Macharia underscored the importance of the data acquired through GMMP research. “Thanks to the GMMP we now know that out of every four people seen, heard or read about in the mainstream news media globally, only one is a woman,” said Macharia.
Based on trends since 1995, when the first GMMP was organized, “we forecast it will take at least three quarters of a century to reach parity,” she said.

GMMP data have also shown, since 2005, that only 37% of news are reported by women, she said. “We are intrigued as to whether this is the global glass ceiling for women’s participation in the profession as reporters.”

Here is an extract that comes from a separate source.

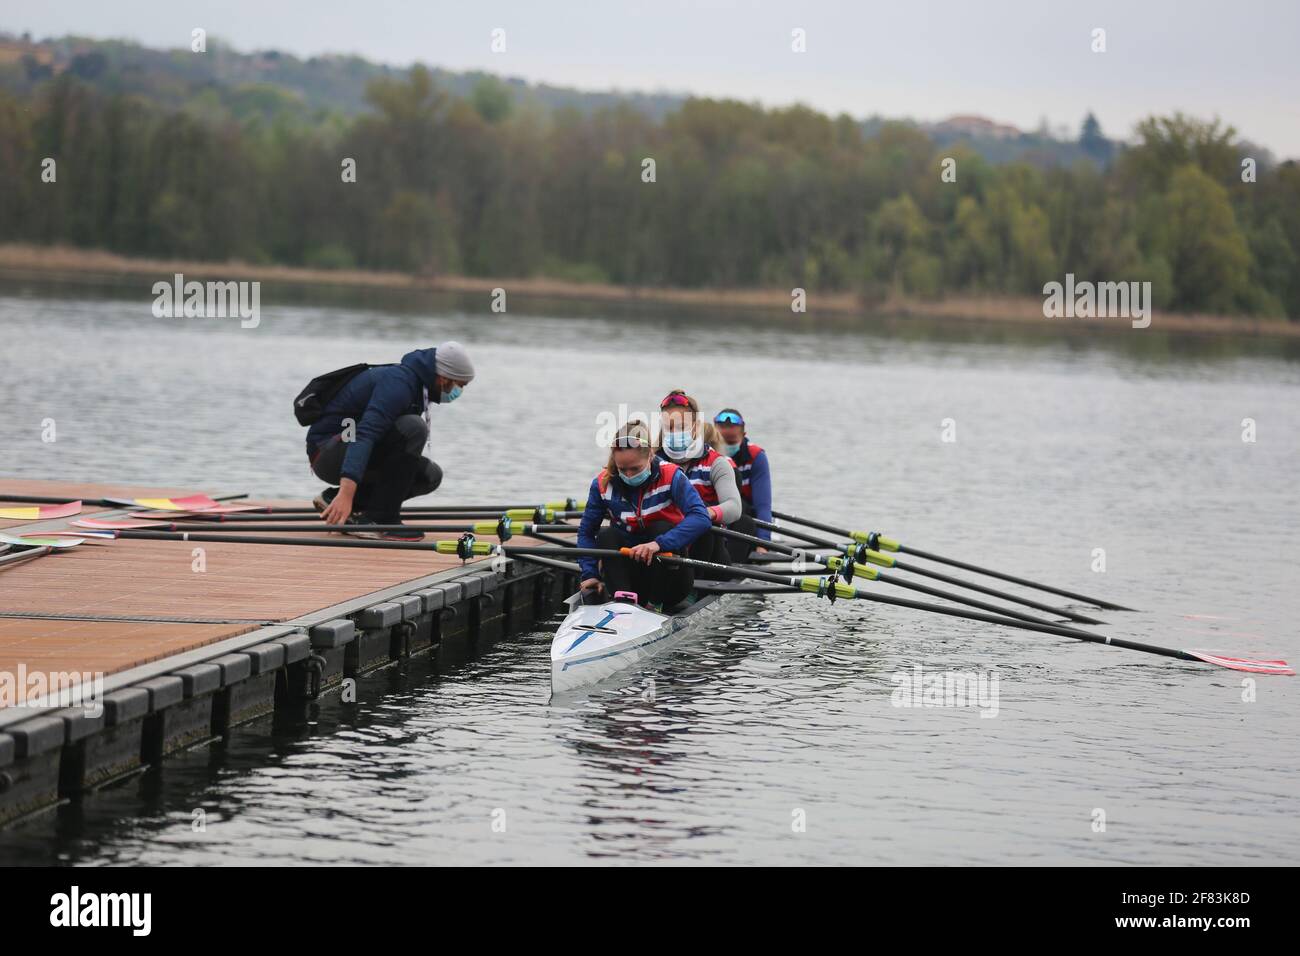 Varese, Italy. 10th Apr, 2021. Women Quadruple Scullers Siri Eva  Kristiansen, Inger Kavlie, Thea Helseth and Maia Lund of Norway training on  Day 2 at the European Rowing Championships in Lake Varese

Macharia encouraged those gathered at the event to “join us for the 2020 edition to find out.”

Underrepresentation and misrepresentation of women in the news have also crossed over into online news delivery platforms, including Twitter, she said.

The GMMP has also consistently shown that “news media performance on gender equality is more or less identical the world over, whether in the USA, in Uruguay, or in Uganda,” said Macharia.

Macharia paid tribute to the members of the GMMP network, which is drawn from a diverse group from civil society, universities, the media industry and faith groups. “Visualize Indigenous women’s groups from Latin America, communication and journalism students and their professors across Europe, early career journalists in the Middle East, media women’s associations and journalist unions in Africa, feminist research networks in the Caribbean, and women’s NGOs worldwide coming together for this single purpose,” she said.
She also described the GMMP’s ripple effect. “The network convenes for the global monitoring, returning back to their spaces equipped with enhanced skills and resources,” she said. Civil society shares the knowledge gathered from the GMMP and steps up advocacy, the academia uses them to teach and enhance research, and media development spaces use them to help journalists “discover the gender dimensions in their stories,” said Macharia.

The award received by the GMMP is named after Donald McGannon, an award-winning broadcast industry executive who advocated for social responsibility in the media.

Cayden Mak, executive director of 18MillionRising, received the Everett C. Parker Award for his work in providing a voice to persons of colour and other underrepresented communities.  

The Parker Lecture was created in 1982 to recognize the Rev. Dr. Parker’s pioneering work as an advocate for the public’s rights in broadcasting. Parker, a former director of WACC, founded the UCC’s Office of Communication, Inc., 60 years ago to successfully challenge the broadcast license of a Jackson, Mississippi, television station for failing to serve the public interest and cover the local African-American community.